Exercise data
>>>>

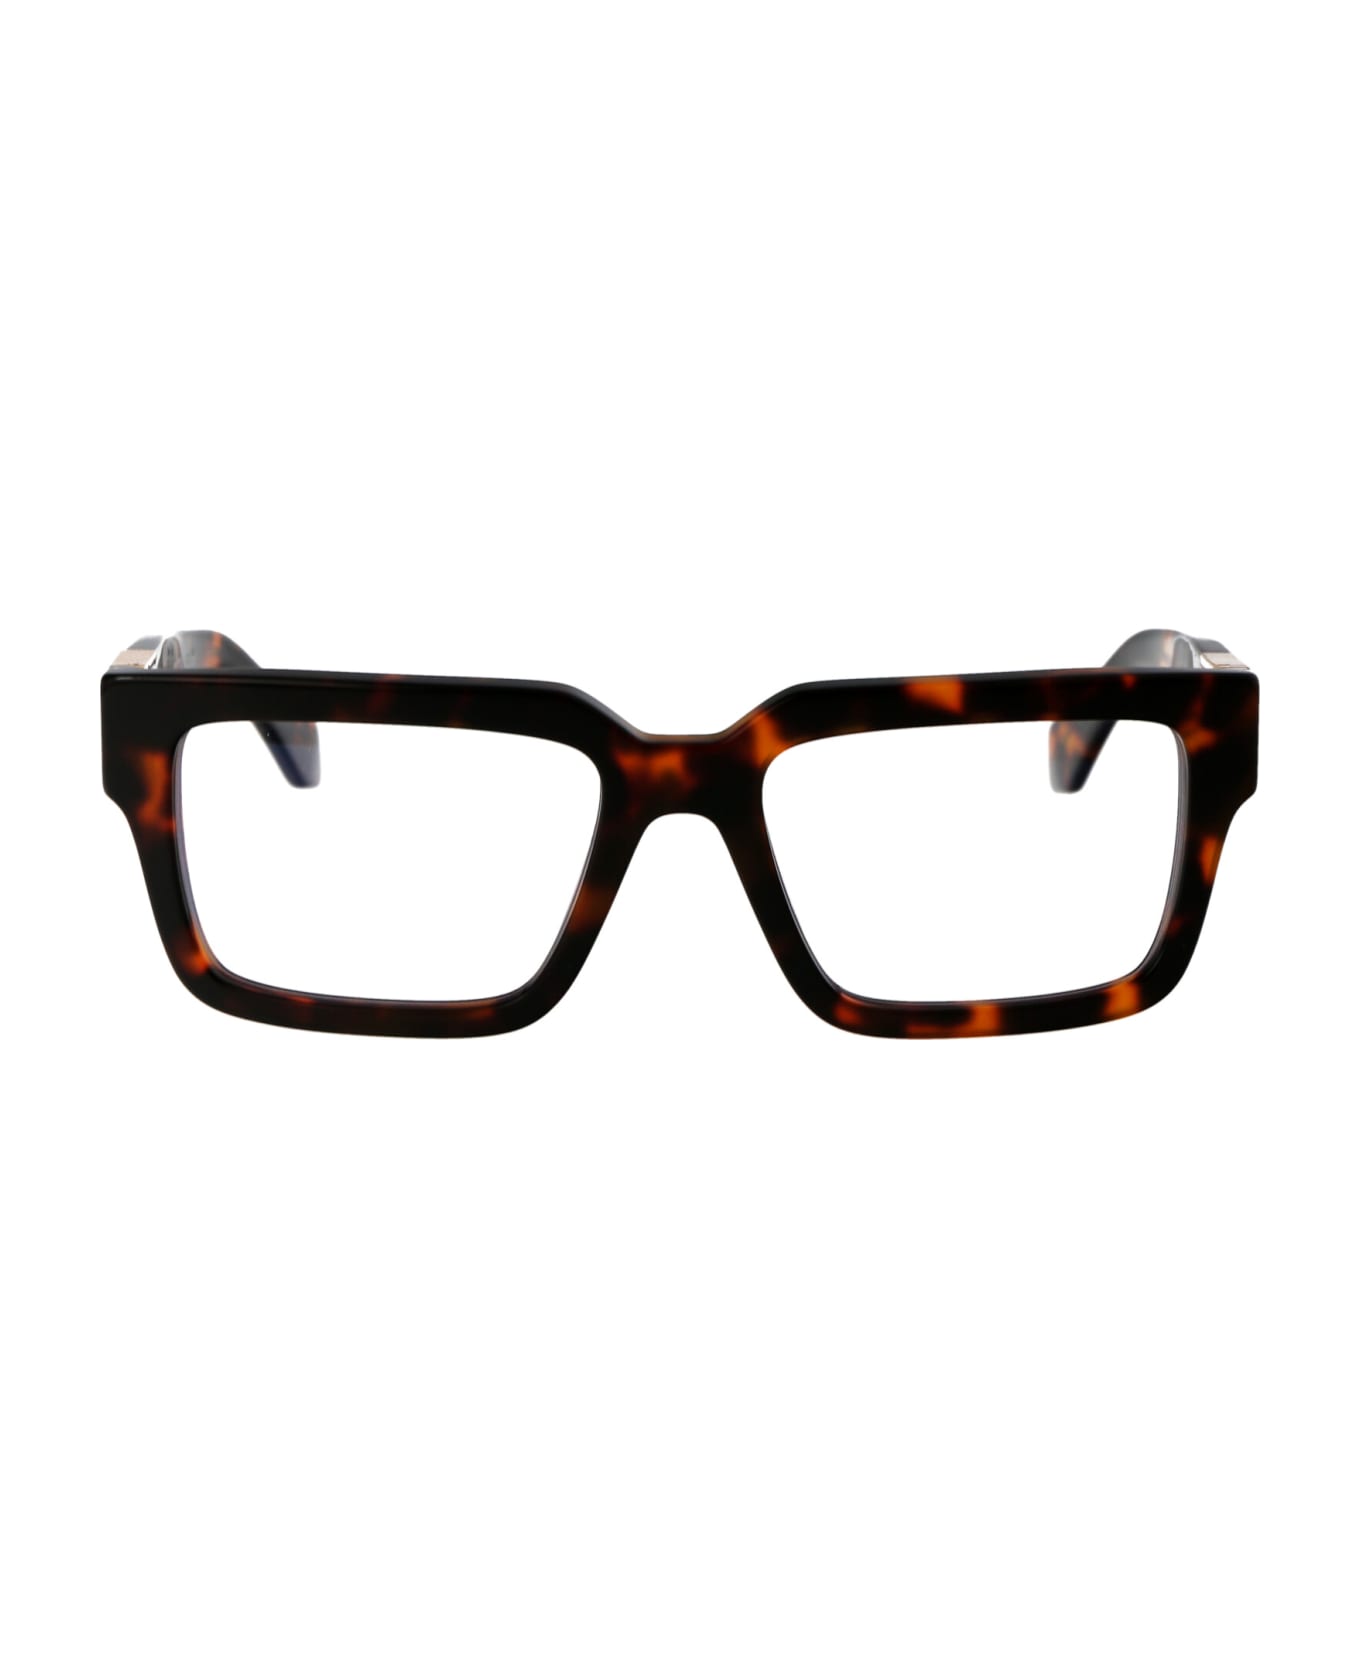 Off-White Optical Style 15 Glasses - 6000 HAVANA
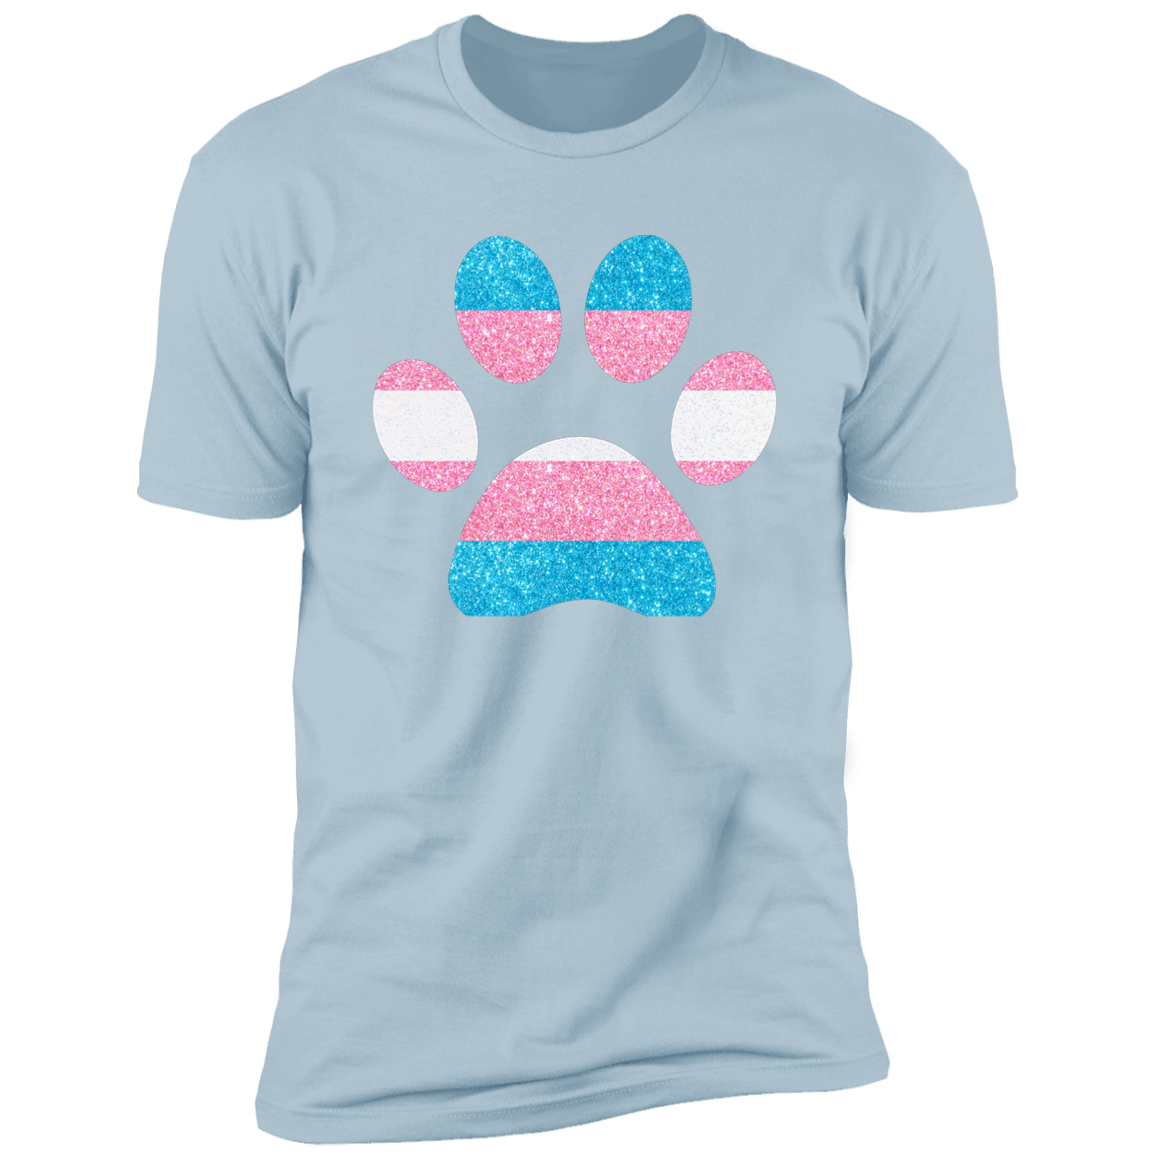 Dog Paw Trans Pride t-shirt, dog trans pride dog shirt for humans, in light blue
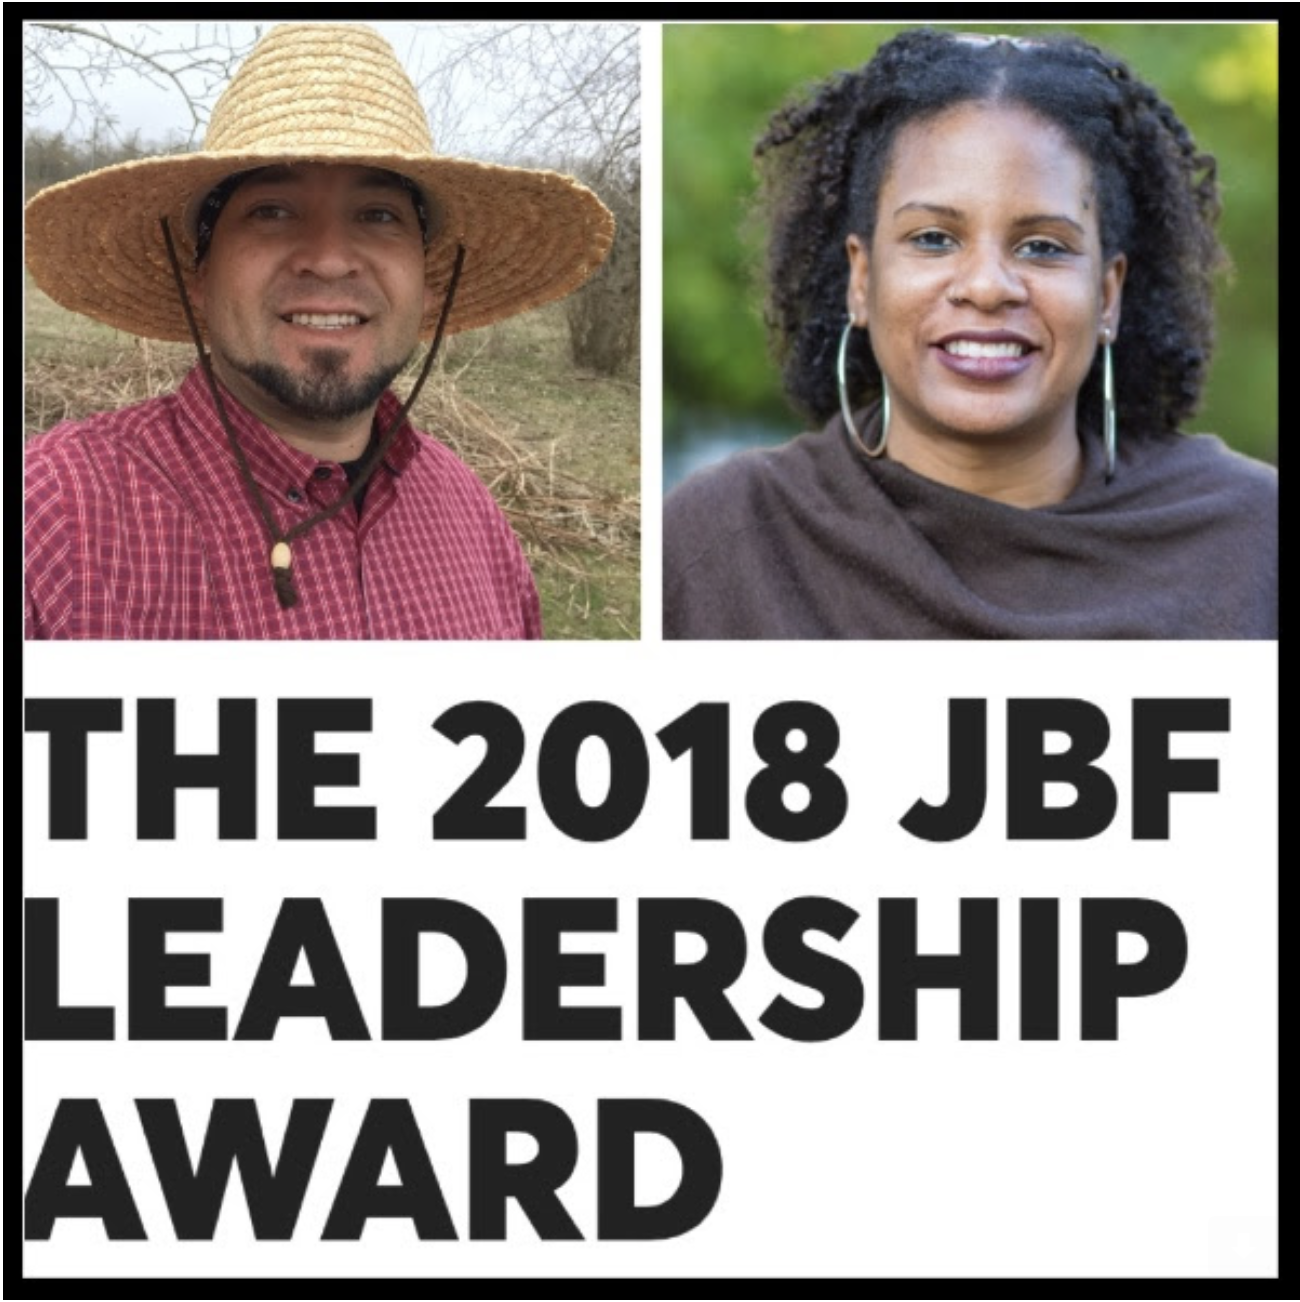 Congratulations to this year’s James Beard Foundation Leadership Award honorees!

<<<<

Try it
Could you write out the whole listing exactly, dropping the pictures?

Exercise solution
 Off-White Optical Style 15 Glasses - 6000 HAVANA
 Dog Paw Trans Pride t-shirt, dog trans pride dog shirt for humans, in light blue
 Congratulations to this year’s James Beard Foundation Leadership Award honorees!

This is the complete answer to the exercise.